» **Exercise directions**
Without copying any picture, transcribe exactly the lines of the data below from the one containing "Lebendigerkaktusgarten In Der" through the one containing "s.Oliver Langsocken S20022".

----- Supplied records -----

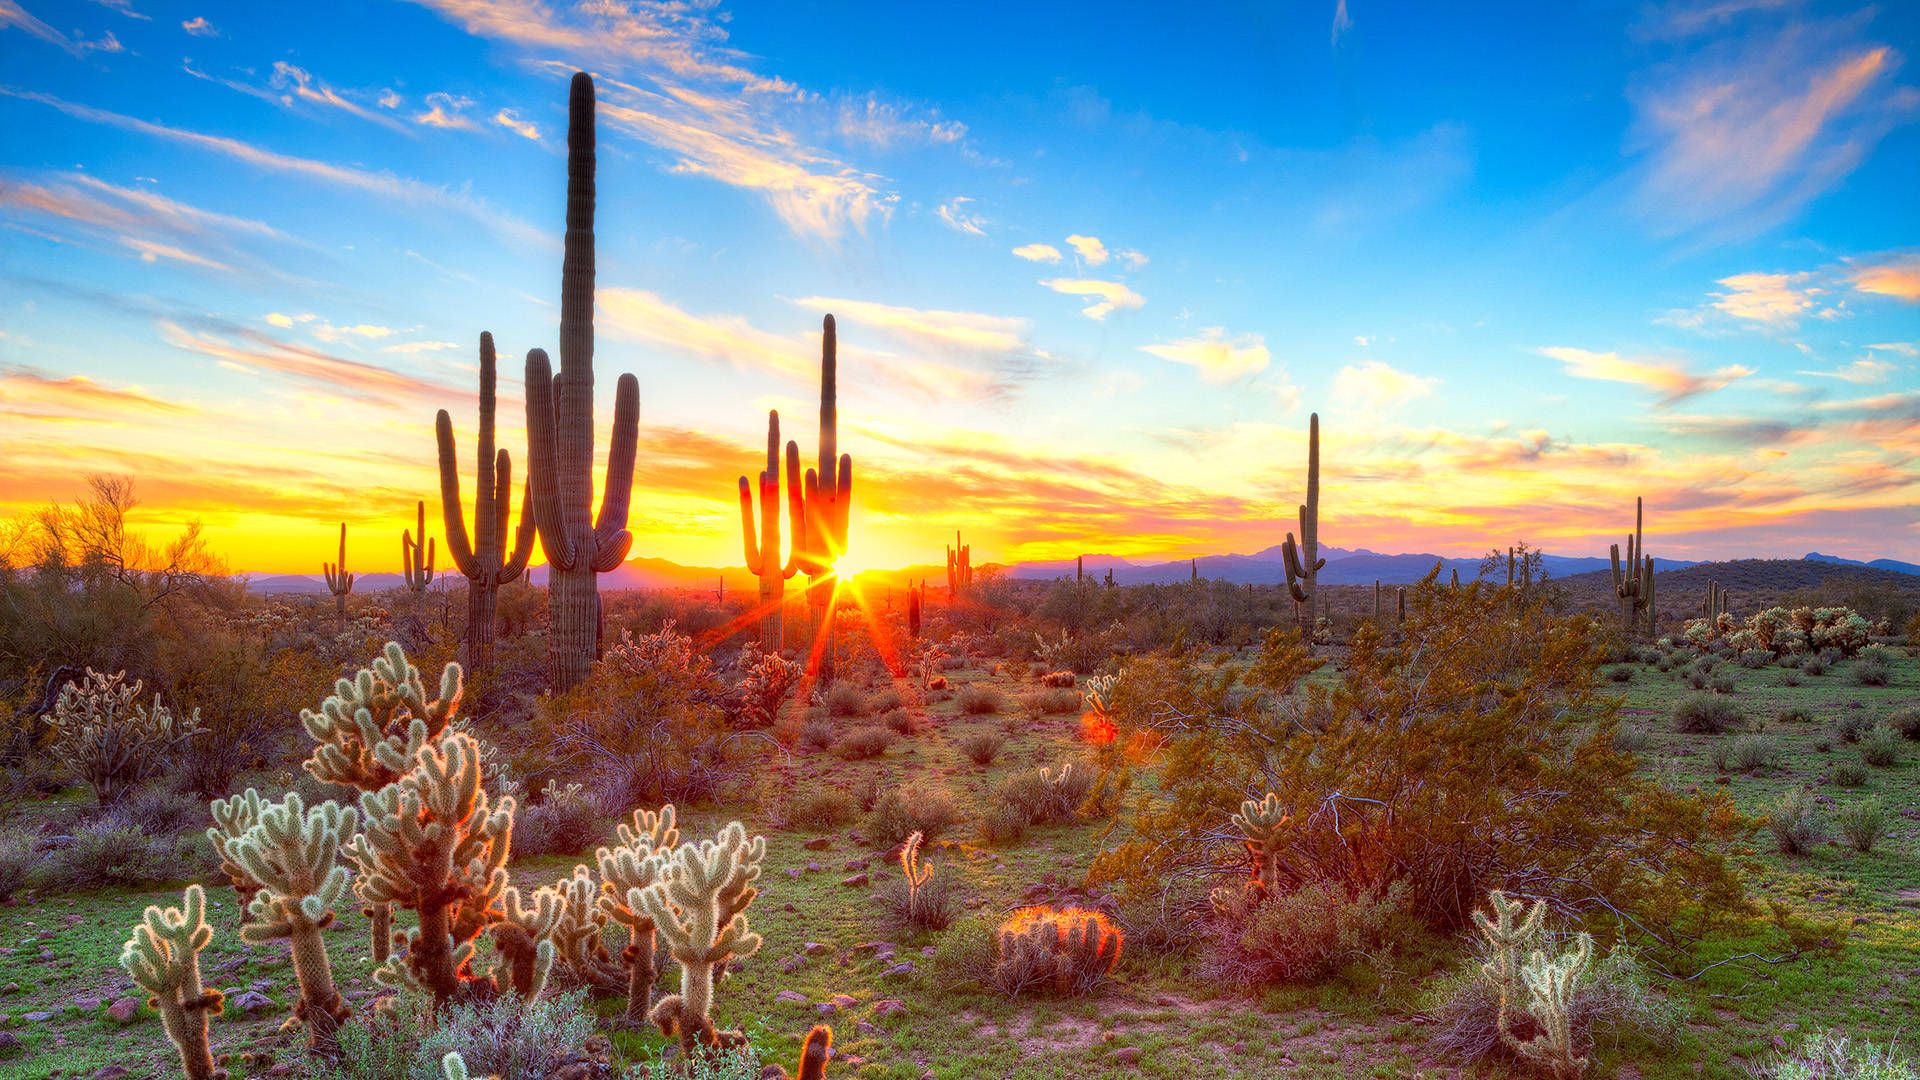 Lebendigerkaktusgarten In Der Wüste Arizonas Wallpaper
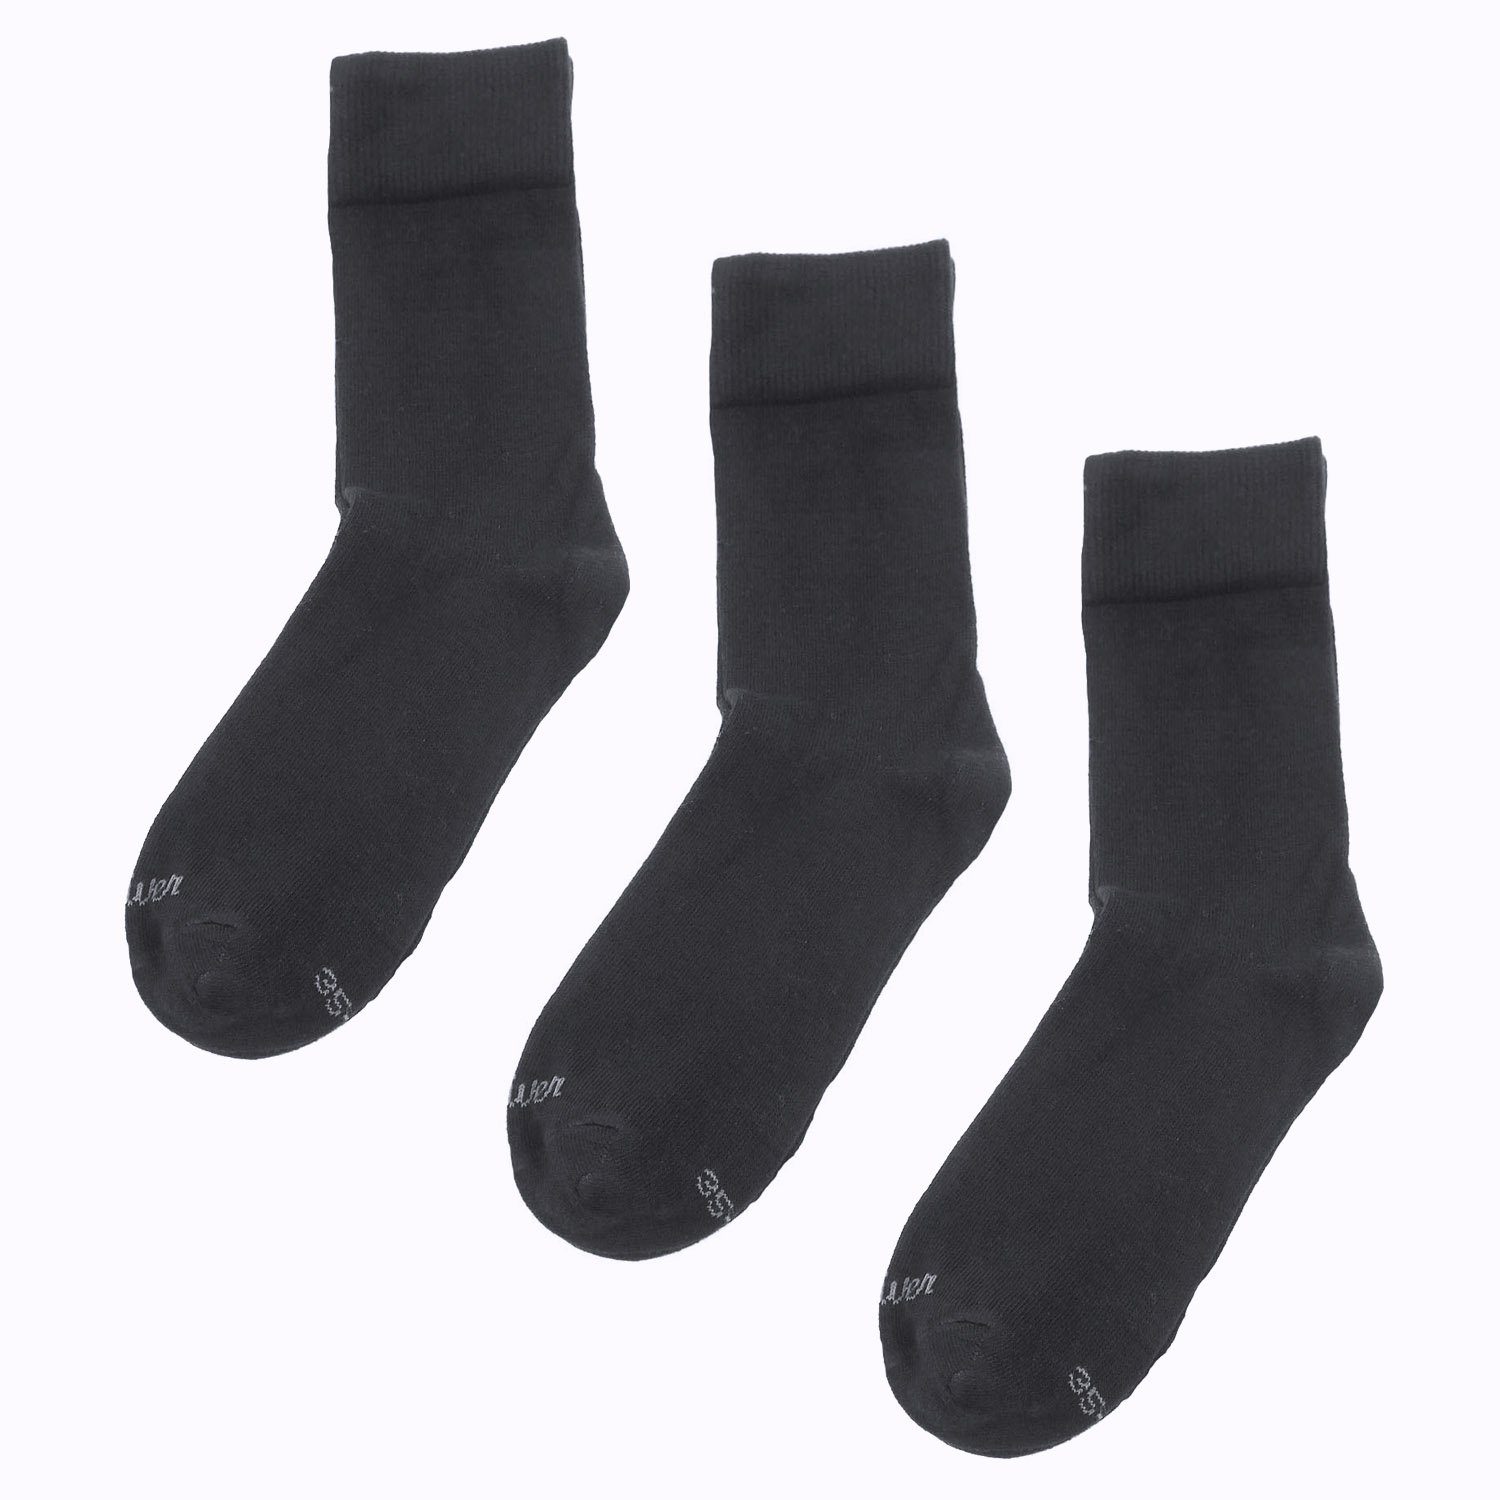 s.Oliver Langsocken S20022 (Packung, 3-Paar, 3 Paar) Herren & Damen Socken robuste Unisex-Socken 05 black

-----
----- Supplied records -----

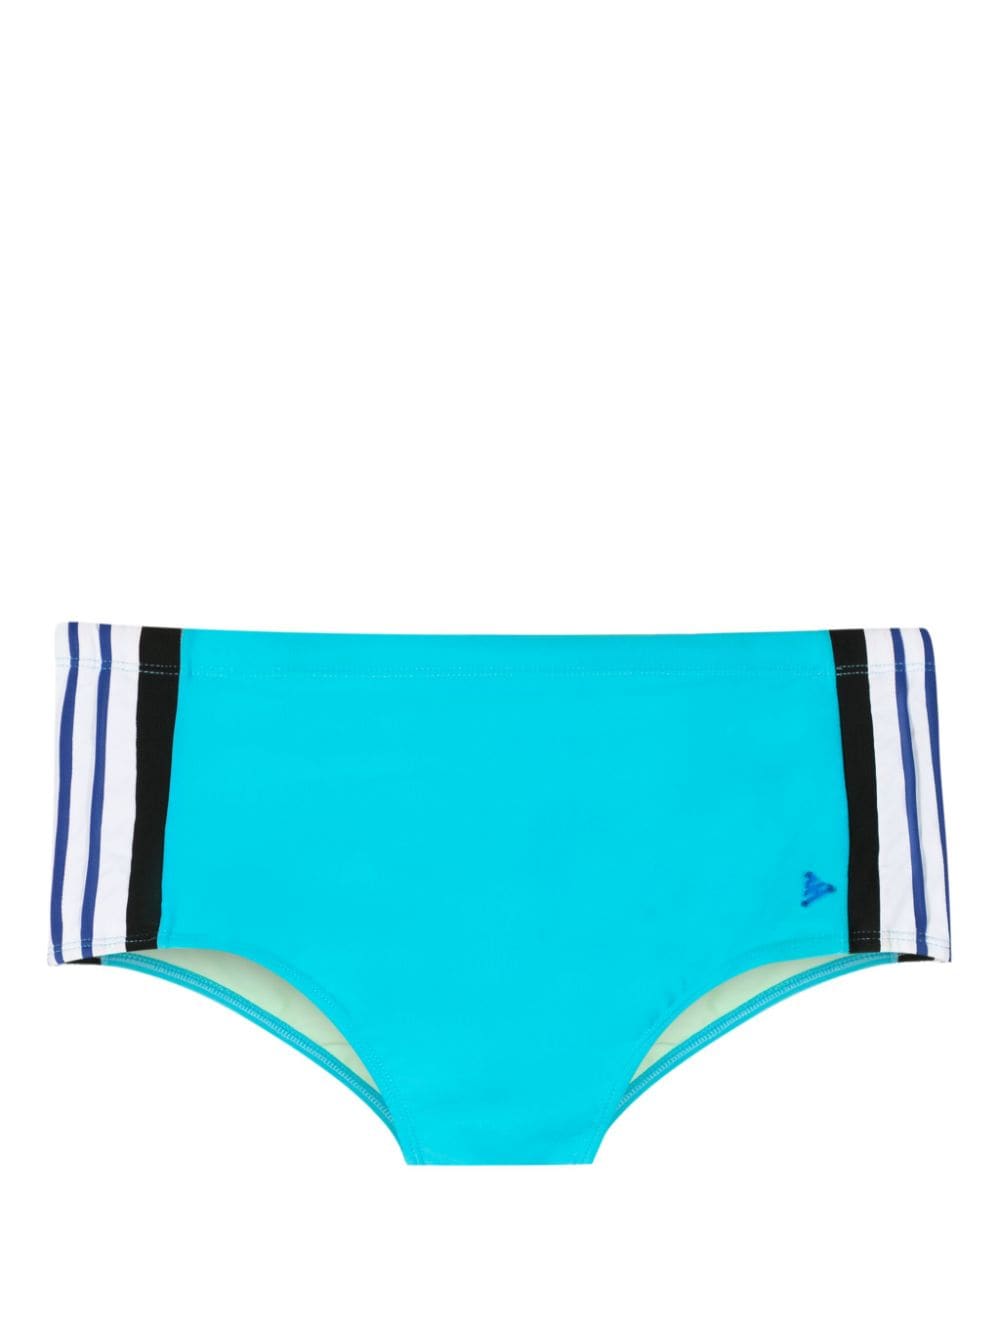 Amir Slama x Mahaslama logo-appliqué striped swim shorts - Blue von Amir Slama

-----
----- Supplied records -----

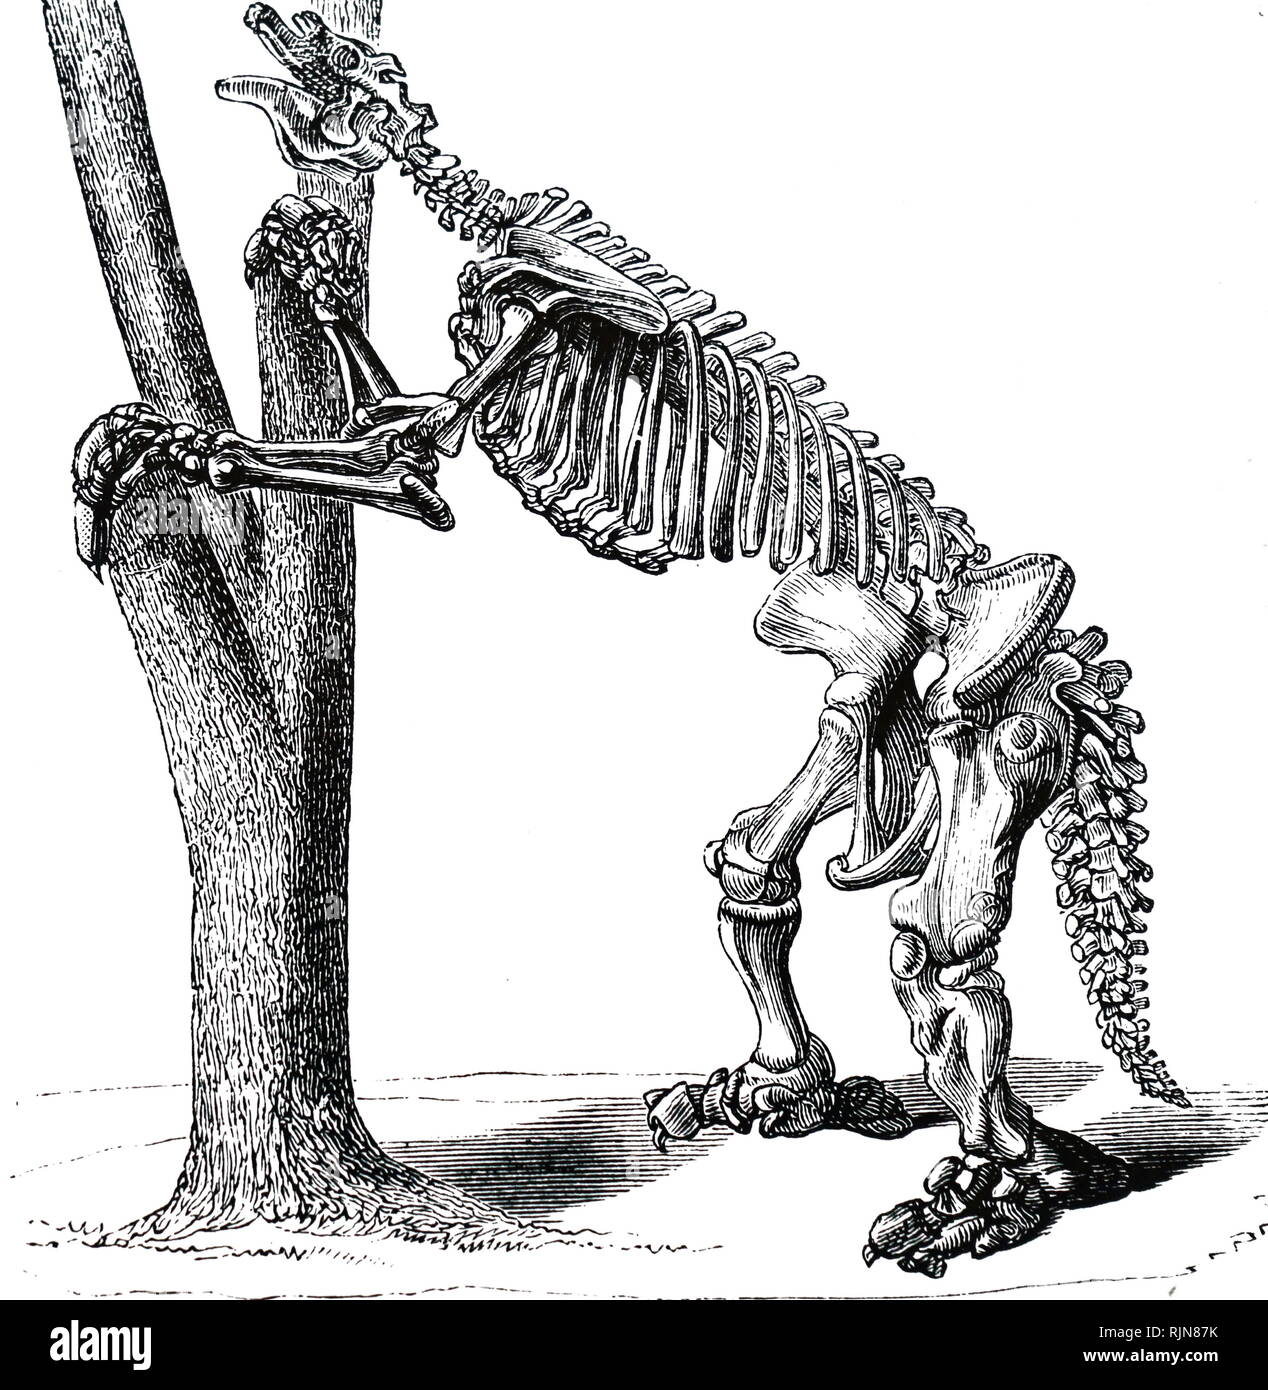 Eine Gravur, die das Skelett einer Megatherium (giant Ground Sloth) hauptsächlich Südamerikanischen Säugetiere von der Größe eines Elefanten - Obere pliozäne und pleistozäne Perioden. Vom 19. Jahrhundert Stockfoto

-----

» **Written answer**
 Lebendigerkaktusgarten In Der Wüste Arizonas Wallpaper
 s.Oliver Langsocken S20022 (Packung, 3-Paar, 3 Paar) Herren & Damen Socken robuste Unisex-Socken 05 black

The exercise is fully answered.